Dataset section |
>>

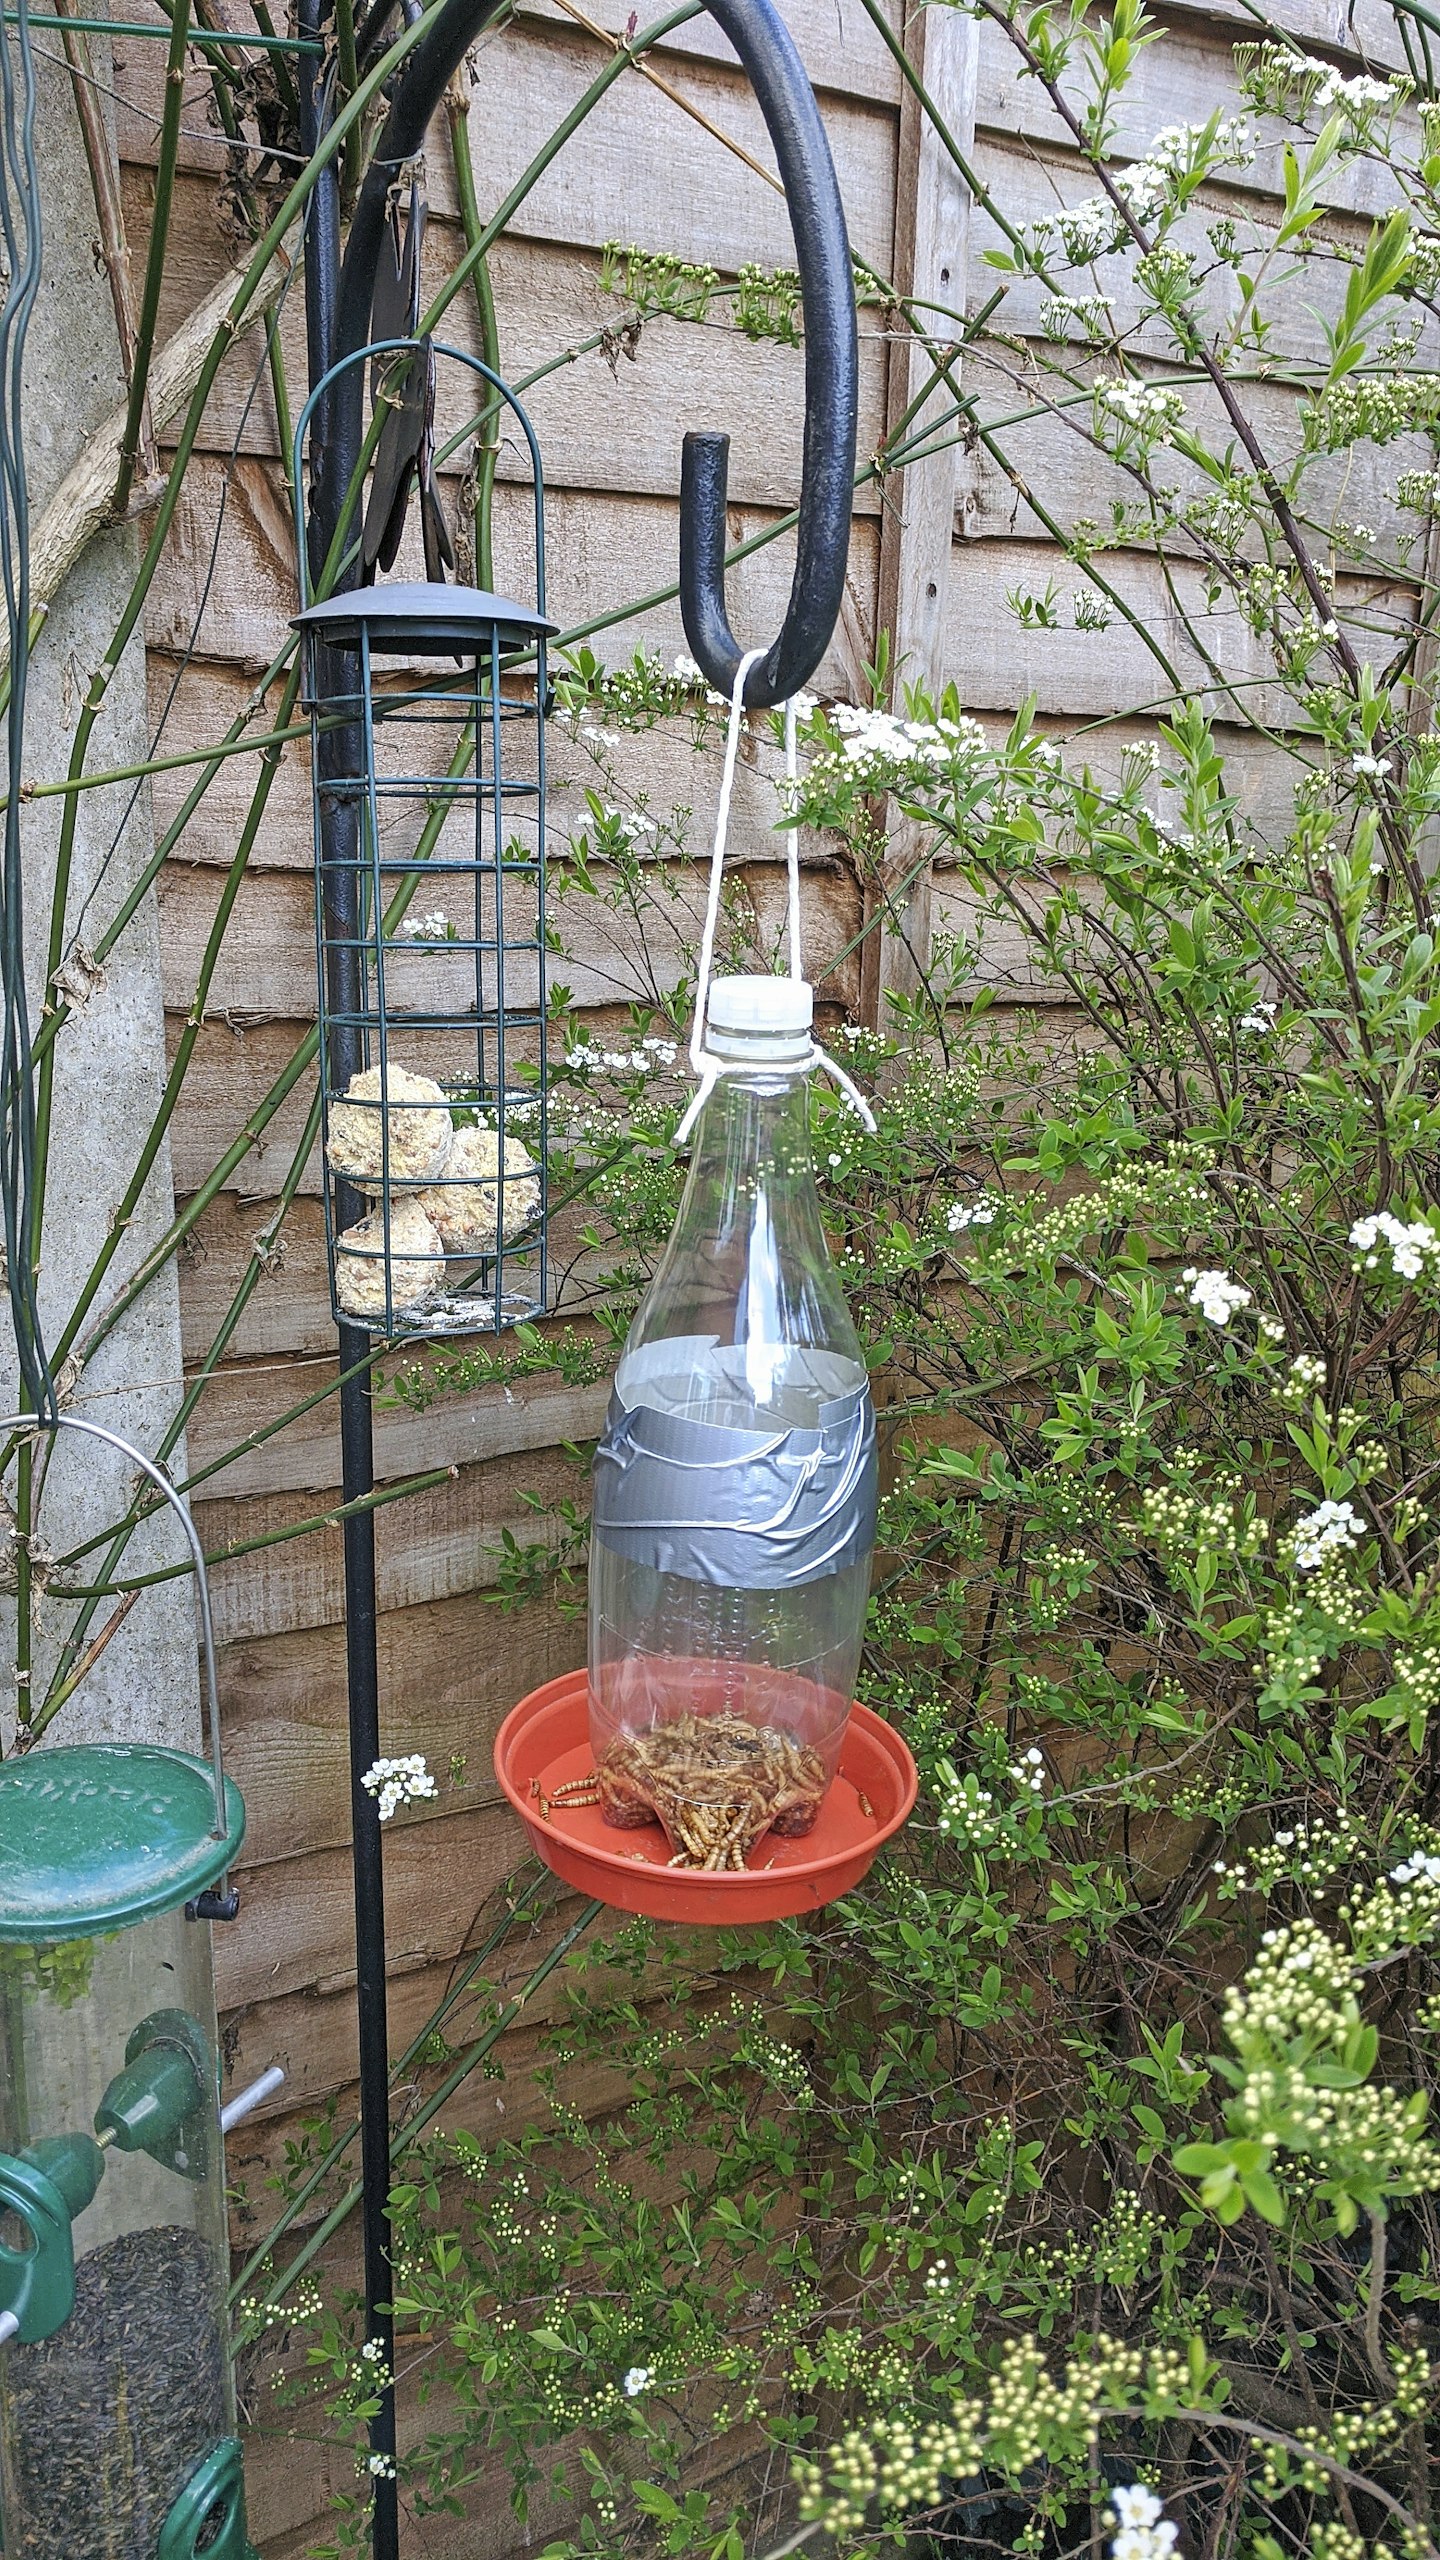 Bottle bird feeder
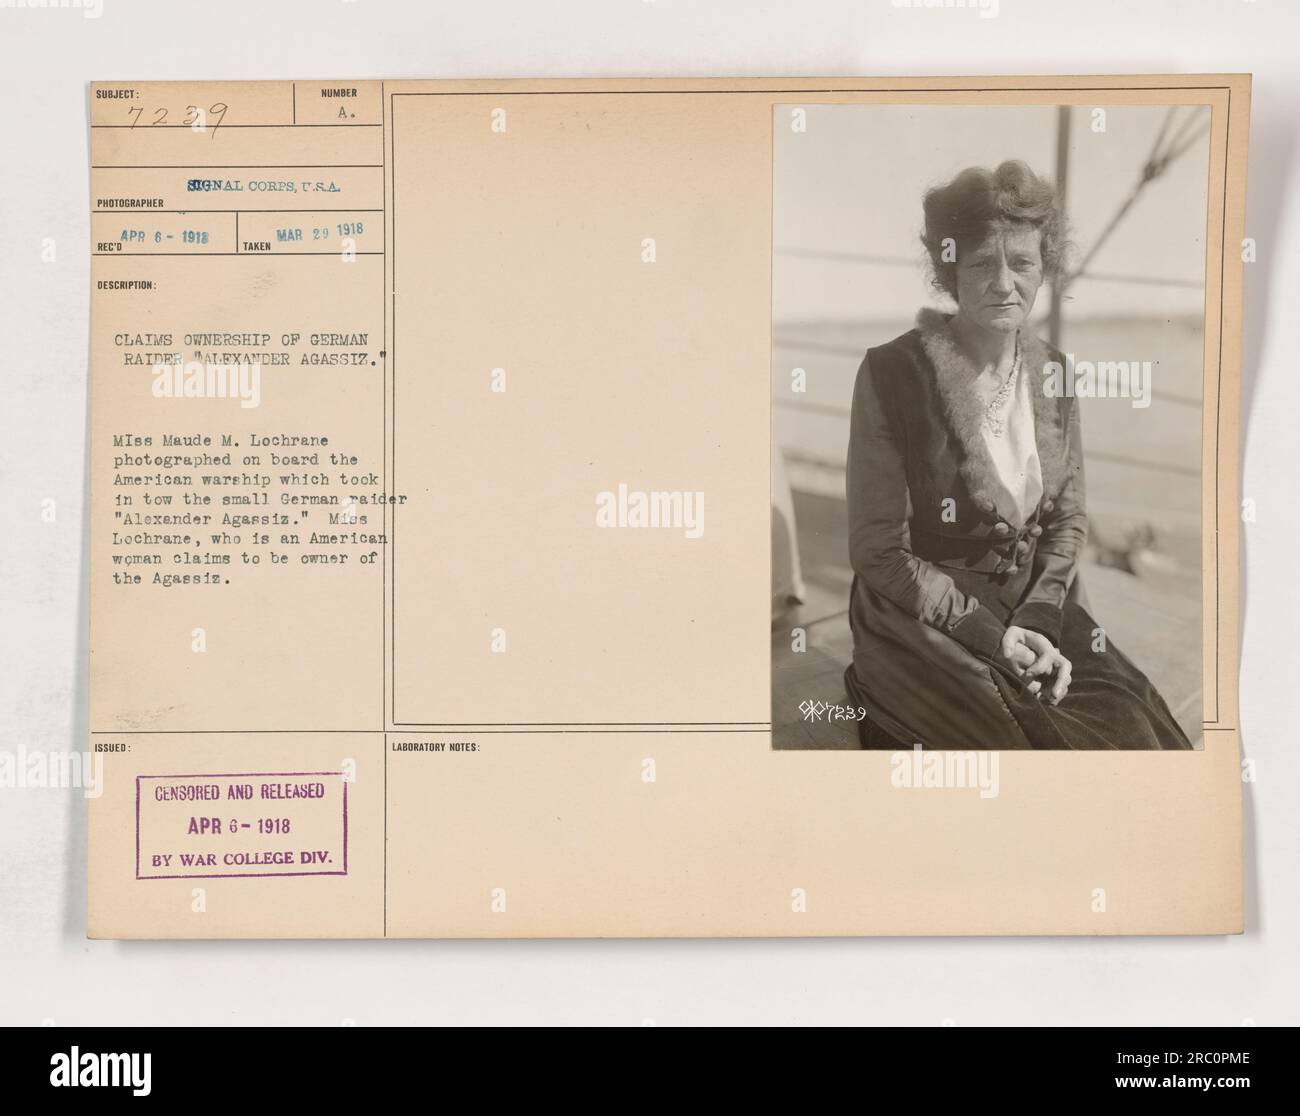 Das Foto zeigt Miss Maude M. Lochrane an Bord eines amerikanischen Kriegsschiffs, das den kleinen deutschen Raider Alexander Agassiz schleppte. Miss Lochrane, eine Amerikanerin, behauptet, die Agassiz zu besitzen. Das Foto wurde zensiert und am 6. April 1918 vom war College Division Laboratory veröffentlicht. Der Fotograf ist ein Hindernis für das A. Signal Corps. Stockfoto
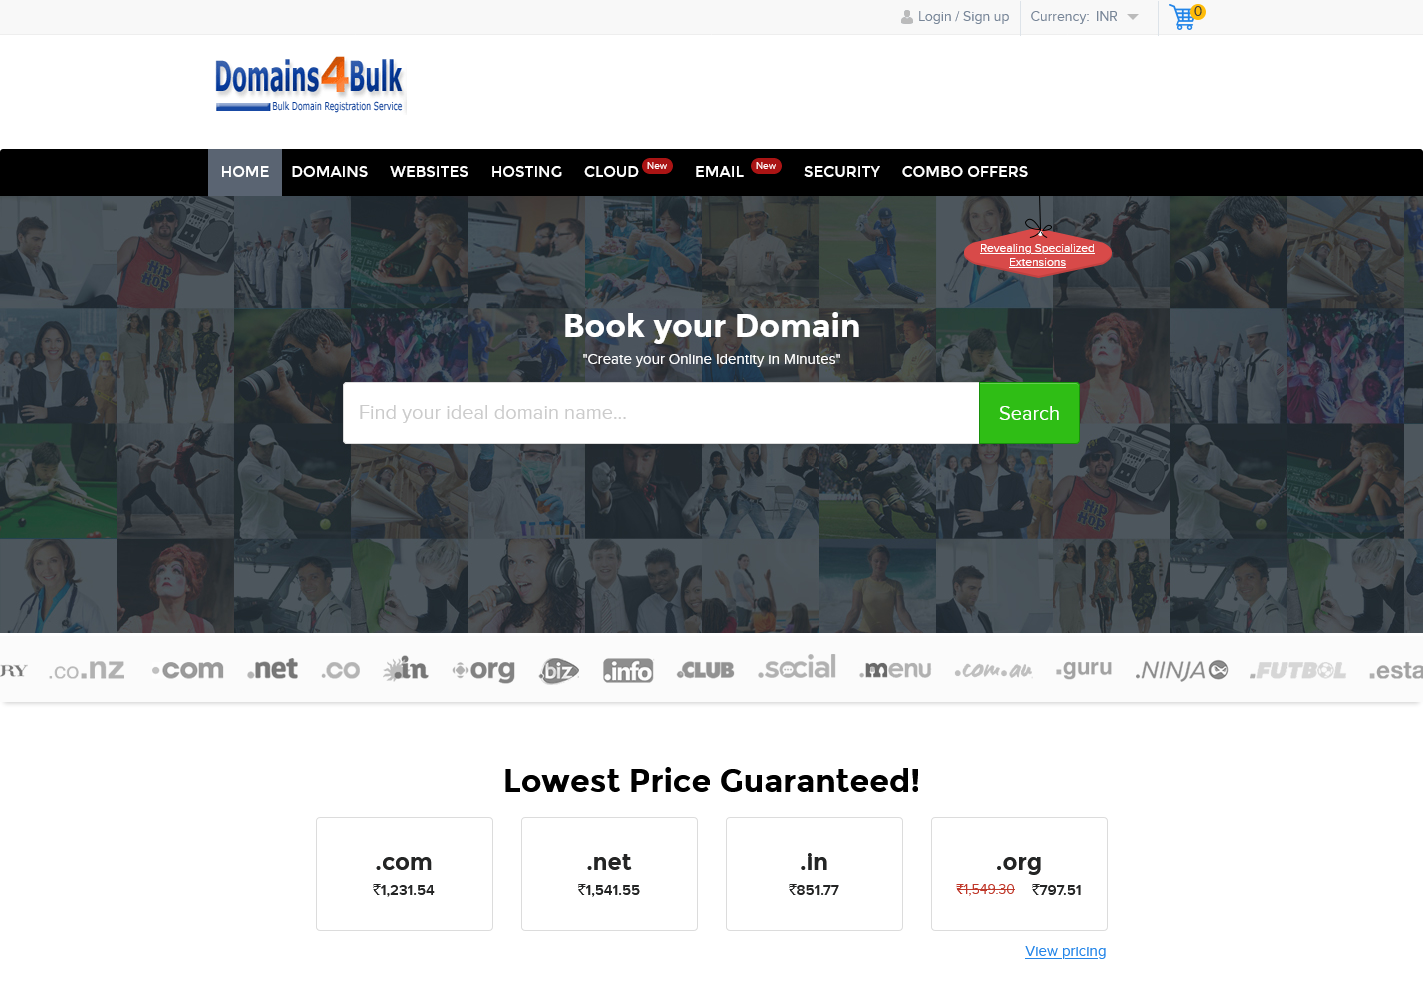 Domains4bulk.com
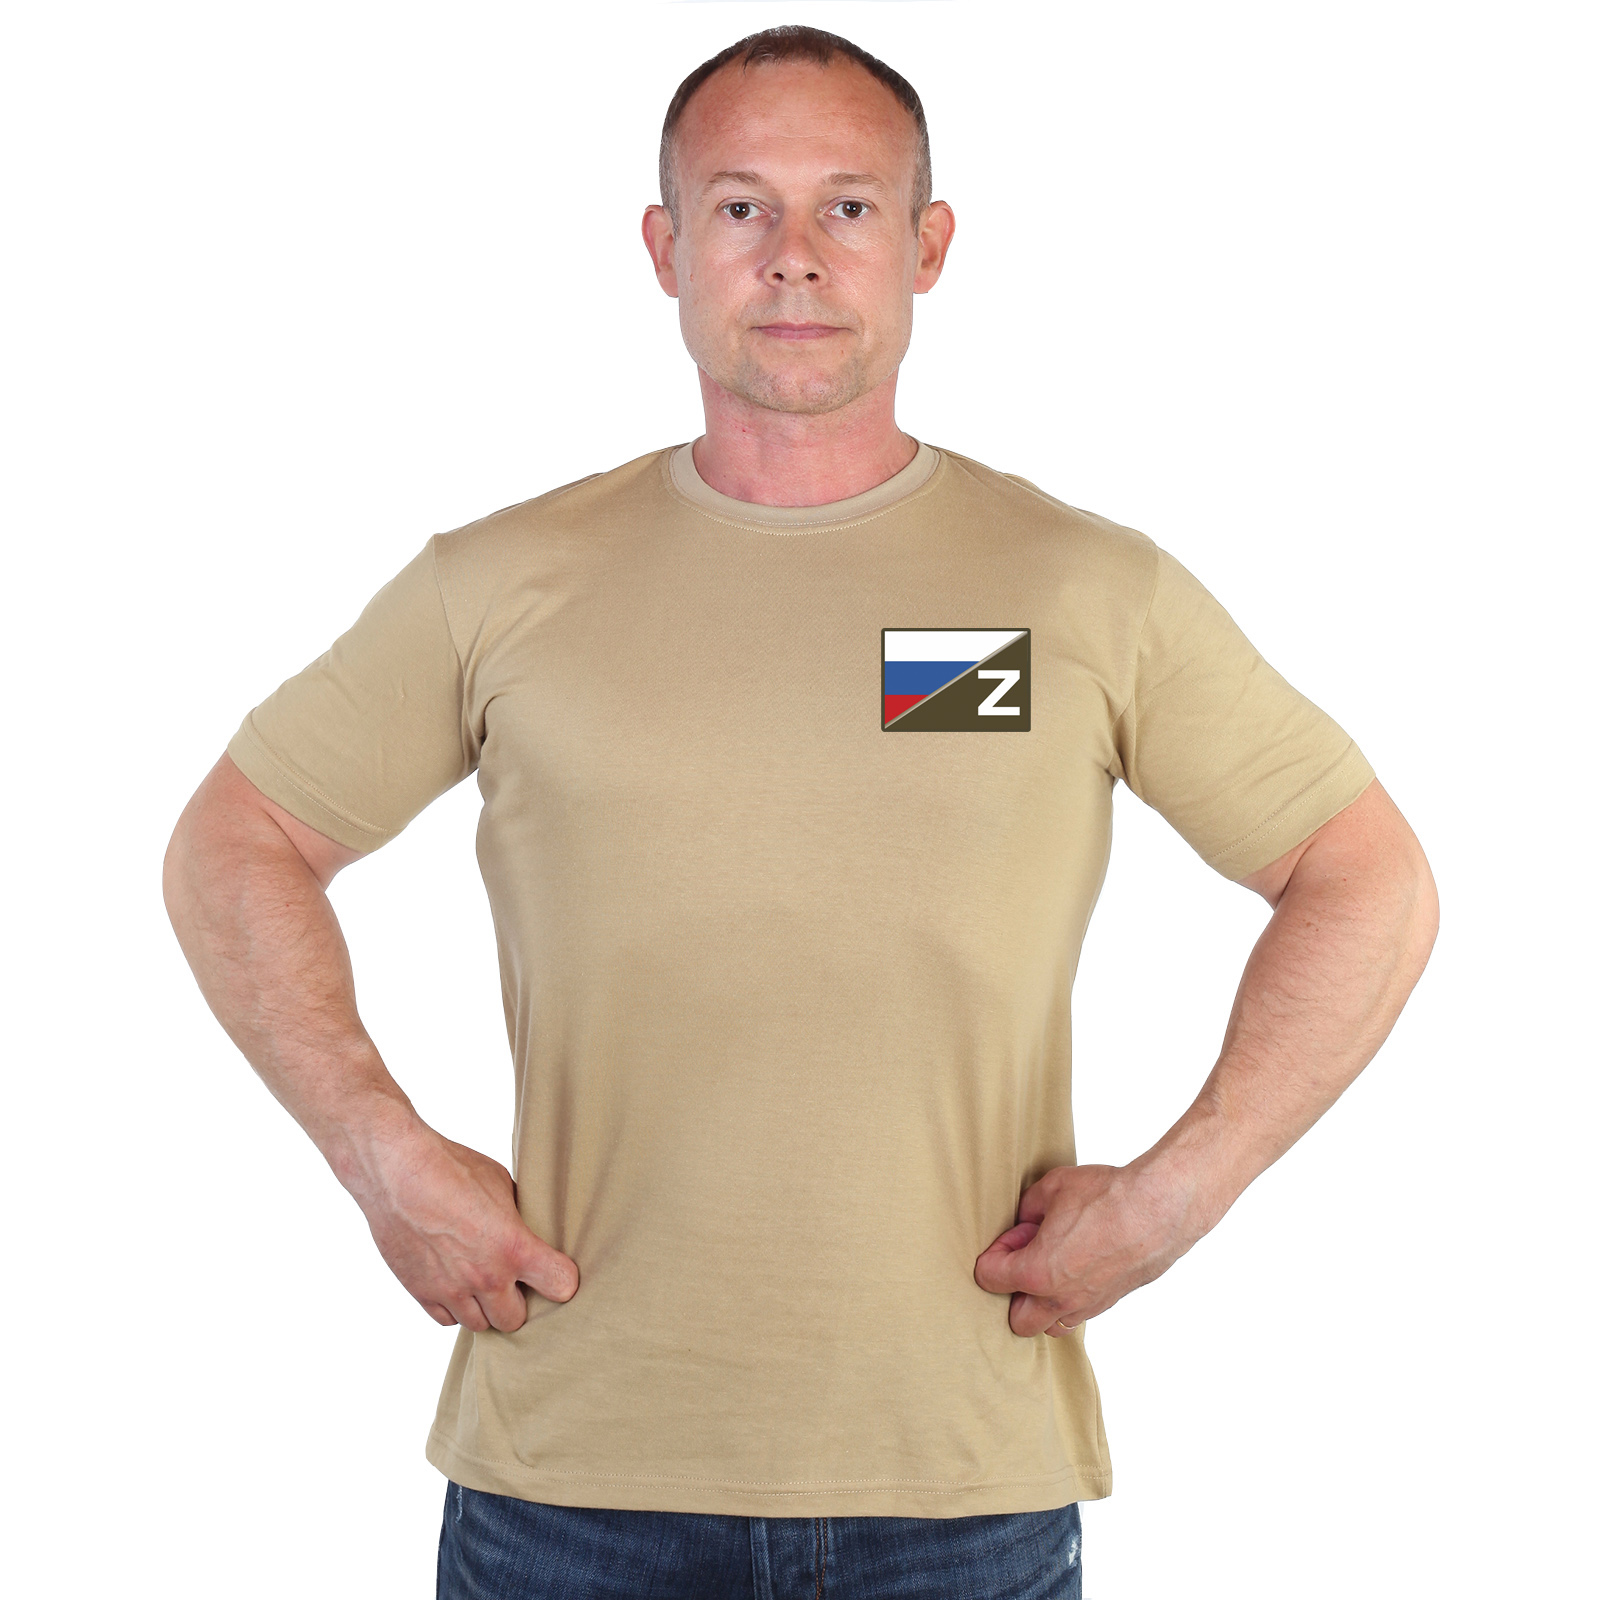 Песочная футболка с термотрансфером "Полевой шеврон Z с триколором"

<<

Exercise |
Set the material above down again word for word. Include none of its pictures.

Solution to this task |
 Bottle bird feeder
 Das Foto zeigt Miss Maude M. Lochrane an Bord eines amerikanischen Kriegsschiffs, das den kleinen deutschen Raider Alexander Agassiz schleppte. Miss Lochrane, eine Amerikanerin, behauptet, die Agassiz zu besitzen. Das Foto wurde zensiert und am 6. April 1918 vom war College Division Laboratory veröffentlicht. Der Fotograf ist ein Hindernis für das A. Signal Corps. Stockfoto
 Domains4bulk.com
 Песочная футболка с термотрансфером "Полевой шеврон Z с триколором"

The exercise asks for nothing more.